Notice how this differs from calling preg_replace_callback( '~:[^:]+:~', $replacer ). There’s a ticking performance bomb in this code because [^:]+ can match an extremely long part of the input document before calling the replacer, allocating potentially megabytes of content in the meantime. The Token Map only needs to examine at most as many bytes as are in the longest token; though usually it’s considerably fewer.

Quick set membership test.

The Token Map can also be used for quickly determining if a given token is inside a set of known tokens. This is what contains( $token ) provides.

$animals->contains( ':cat:' );    // returns `true`.
$animals->contains( ':badger:' ); // returns `false`.

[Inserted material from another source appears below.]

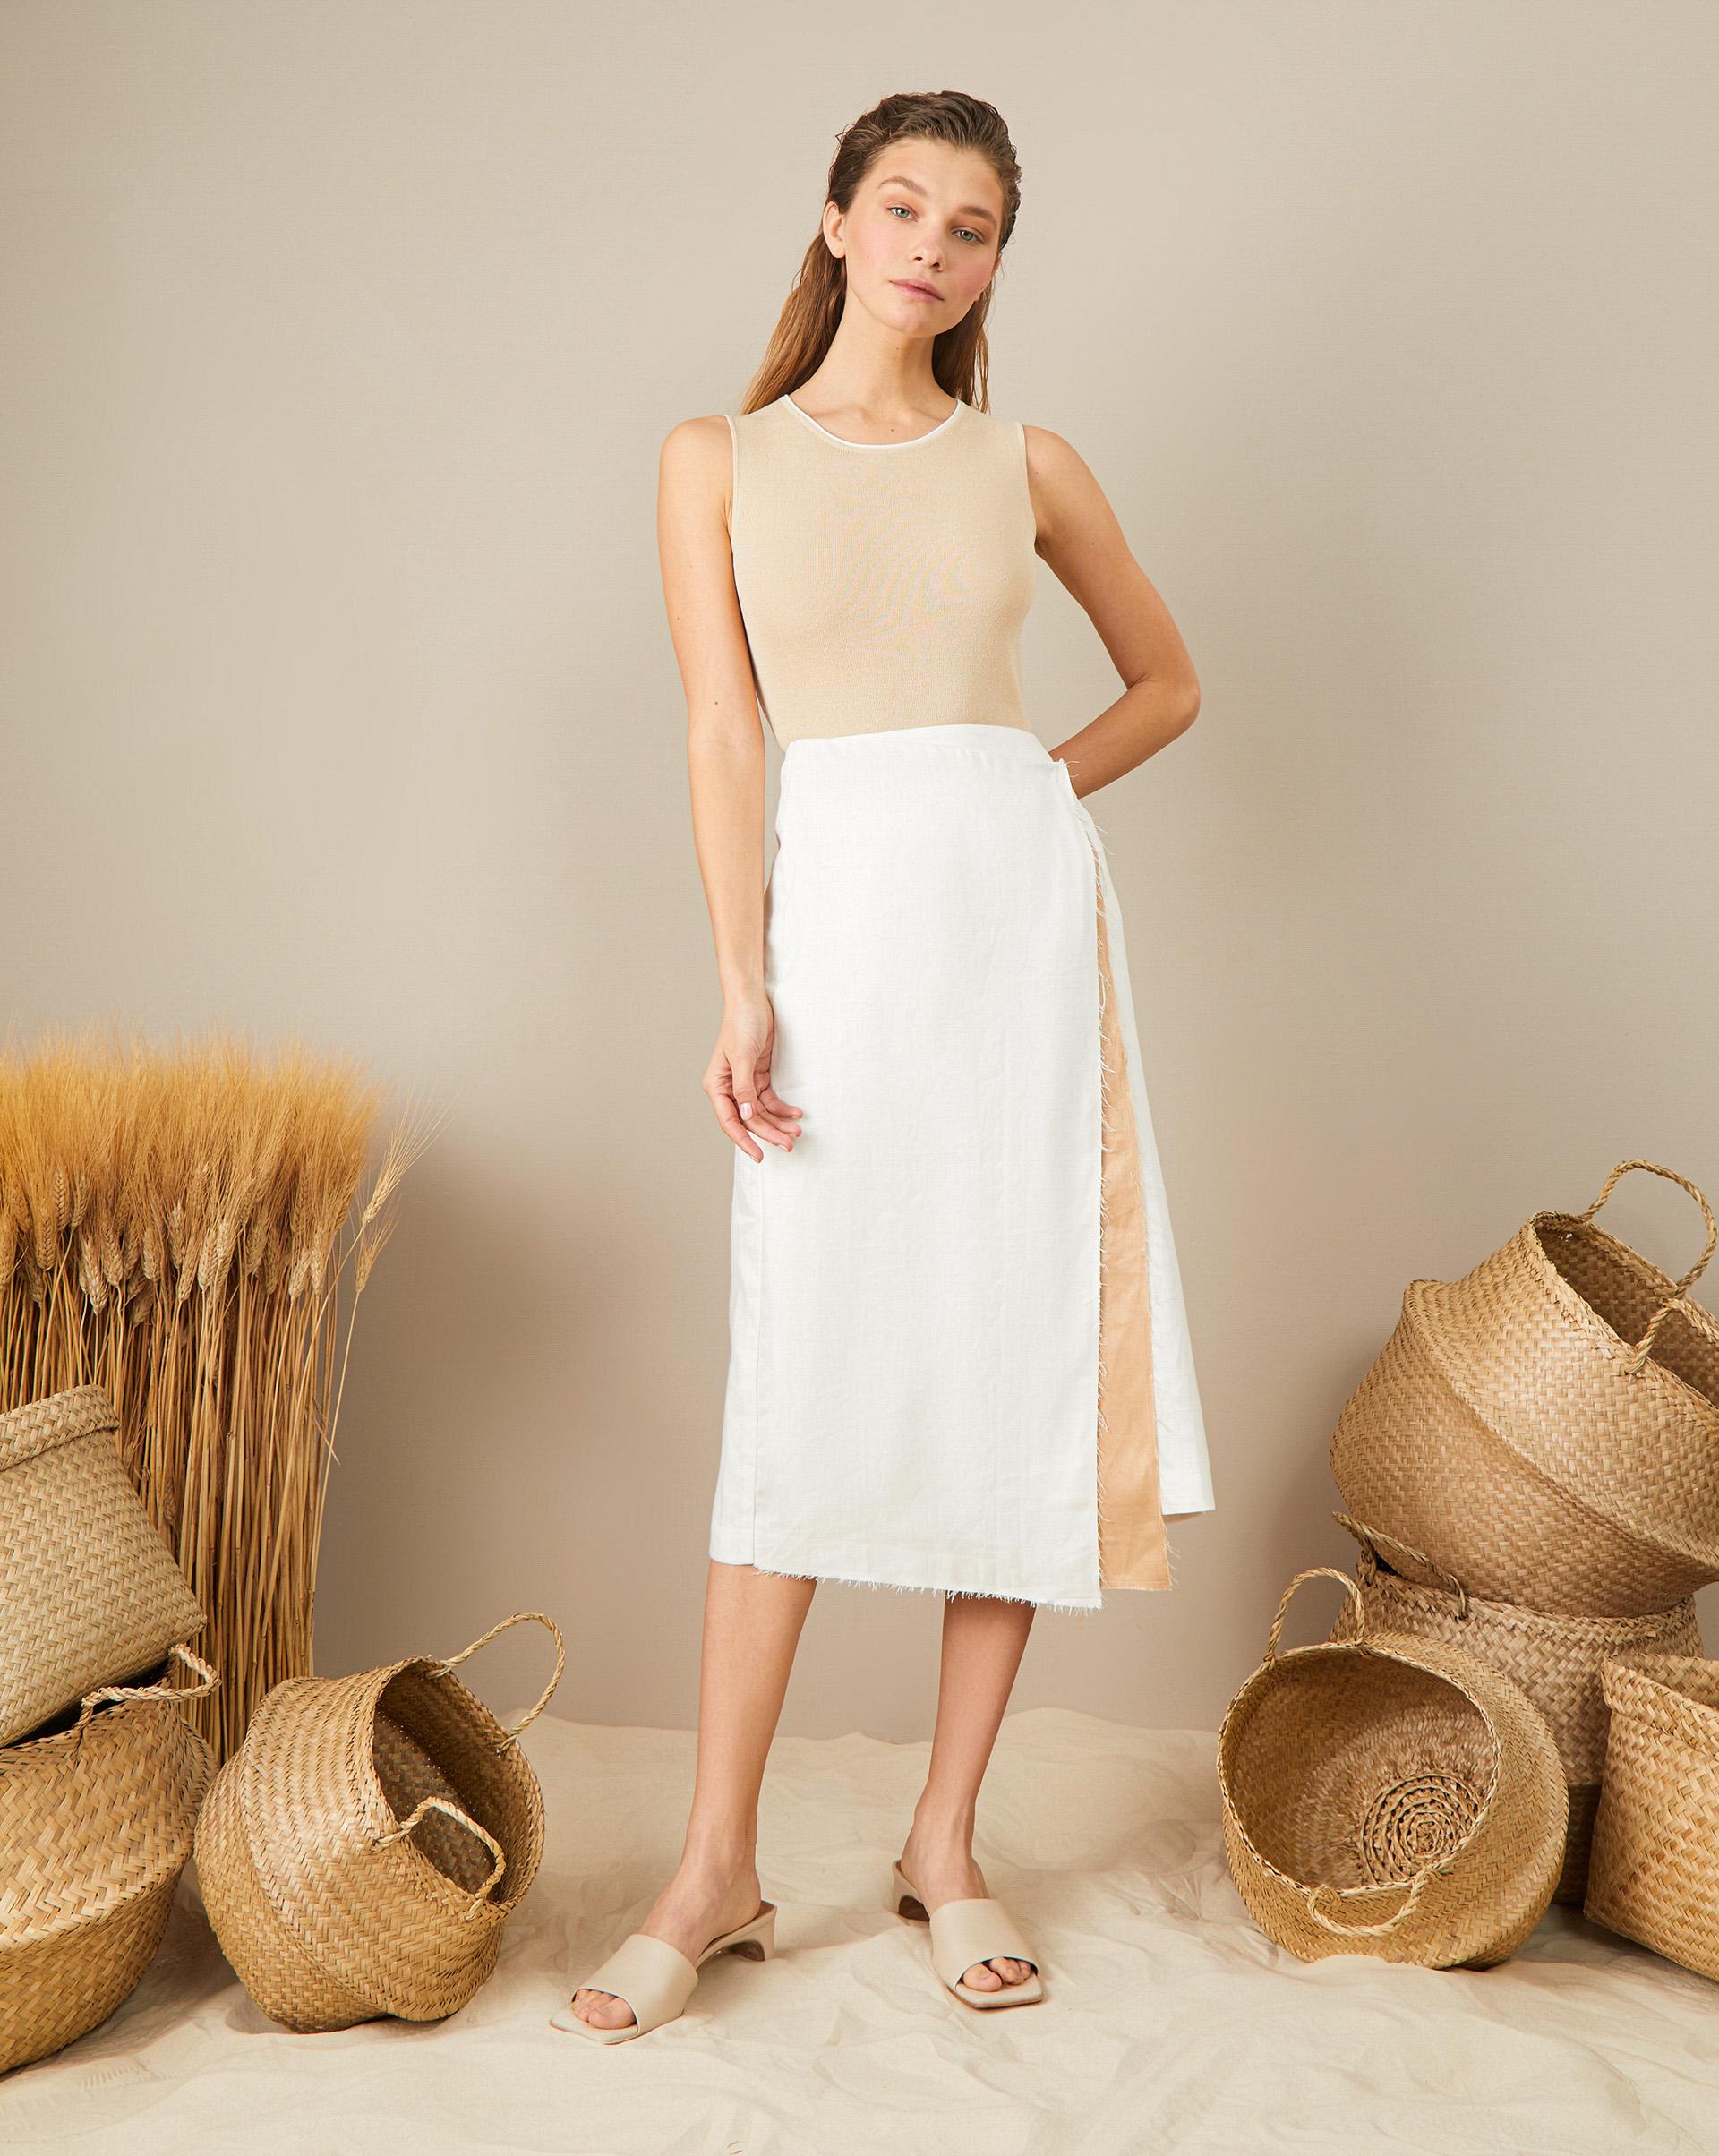 Фото - 12Storeez Ассиметричная юбка юбка из полиамида

The original class started out this way as WP_Token_Set, providing a means for improving the lookup of HTML named character references inside of esc_attr(). It currently relies on a basic check for if ( ! in_array( $possible_name, $allowed_names, true ) ).

Creating Token Maps.

There are two ways to create a Token Map: one is from an associative array whose keys are the tokens and whose values are the replacements. The other is an optimization for large token maps (referring again here to HTML with more than two thousand tokens).

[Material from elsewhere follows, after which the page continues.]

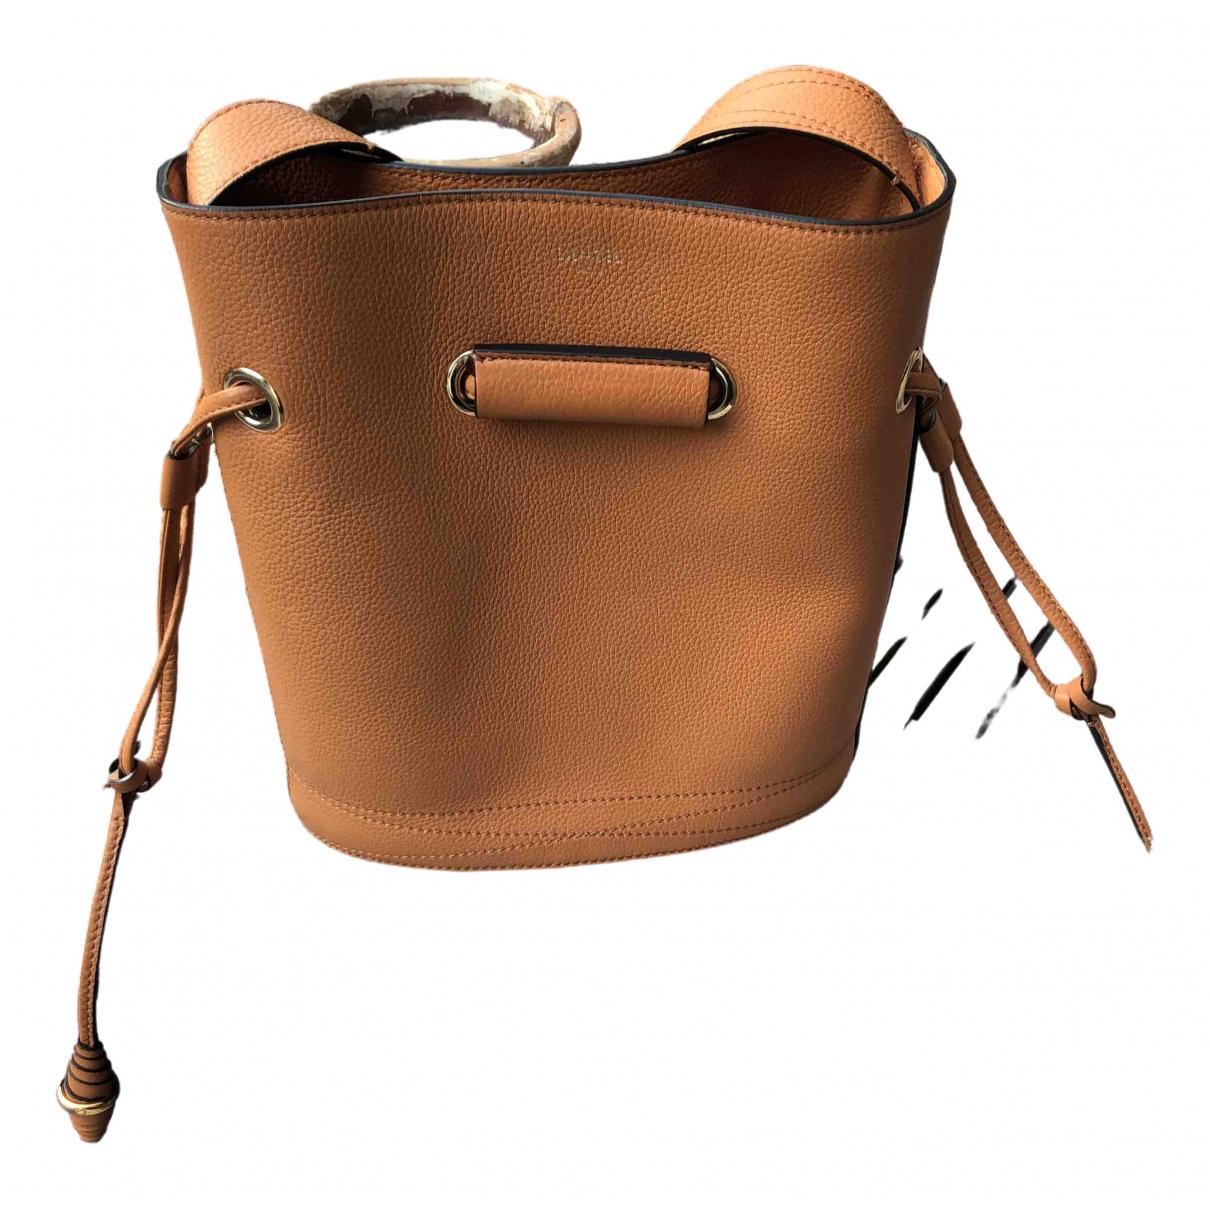 Lancel \N Camel Leather handbag for Women \N

From an associative array.

The normative or basic form of creating a Token Map is to construct an associative array whose keys are the tokens and whose values are the replacements. This can be passed in to the static constructor function and the result will be the optimized map.

$animals = WP_Token_Map::from_array( array(
	':cat:'         => '🐈',
	':caterpillar:' => '🐛',
	':dog:'         => '🐶',
	':fish:'        => '🐟',
	':mammoth:'     => '🦣',
	':monkey:'      => '🐒',
) );

From an optimized pre-computed table.

After creating a token map in the normal way above, it’s possible to export it as PHP source code. This export creates a fast-loading structure that skips the initial sorting and processing necessary to build the internal lookup tables. This initial computation is pretty fast, but there’s no need to repeat it if creating a Token Map repeatedly, or with very large data sets. If your mappings won’t be changing, you might as well precompute them.

echo $animals->precomputed_php_source_table();

// Output follows…
WP_Token_Map::from_precomputed_table(
	array(
		"storage_version" => "6.6.0",
		"key_length" => 2,
		"groups" => ":c\x00:d\x00:f\x00:m\x00",
		"long_words" => array(
			// :caterpillar[🐛] :cat:[🐈].
			"\x0aaterpillar\x04🐛\x03at:\x04🐈",
			// :dog:[🐶].
			"\x03og:\x04🐶",
			// :fish:[🐟].
			"\x04ish:\x04🐟",
			// :mammoth:[🦣] :monkey:[🐒].
			"\x07ammoth:\x04🦣\x06onkey:\x04🐒",
		),
		"small_words" => "",
		"small_mappings" => array()
)

While this is interesting output, none of it needs to make sense. The Token Map exported itself in a way that it can quickly load, and all details are considered internal and private. What you can do with it is save it into a standard PHP file as part of your project. Store it into a variable, or return it from a function, or use it in a function, for quick lookup.

<?php

function contains_animal( $text ) {
	$animals = WP_Token_Map::from_precomputed_table(
		array(
			"storage_version" => "6.6.0",
			"key_length" => 2,
			"groups" => ":c\x00:d\x00:f\x00:m\x00",
			"long_words" => array(
				// :caterpillar[🐛] :cat:[🐈].
				"\x0aaterpillar\x04🐛\x03at:\x04🐈",
				// :dog:[🐶].
				"\x03og:\x04🐶",
				// :fish:[🐟].
				"\x04ish:\x04🐟",
				// :mammoth:[🦣] :monkey:[🐒].
				"\x07ammoth:\x04🦣\x06onkey:\x04🐒",
			),
			"small_words" => "",
			"small_mappings" => array()
		)
	);

	...
}

When should Token Maps be used?

Measure, measure, and then measure some more. It’s not worth the added complexity in many cases to introduce this optimized data structure when simpler cases do just as well. You probably don’t need this; but if you do, consider running an experiment to see if it will help.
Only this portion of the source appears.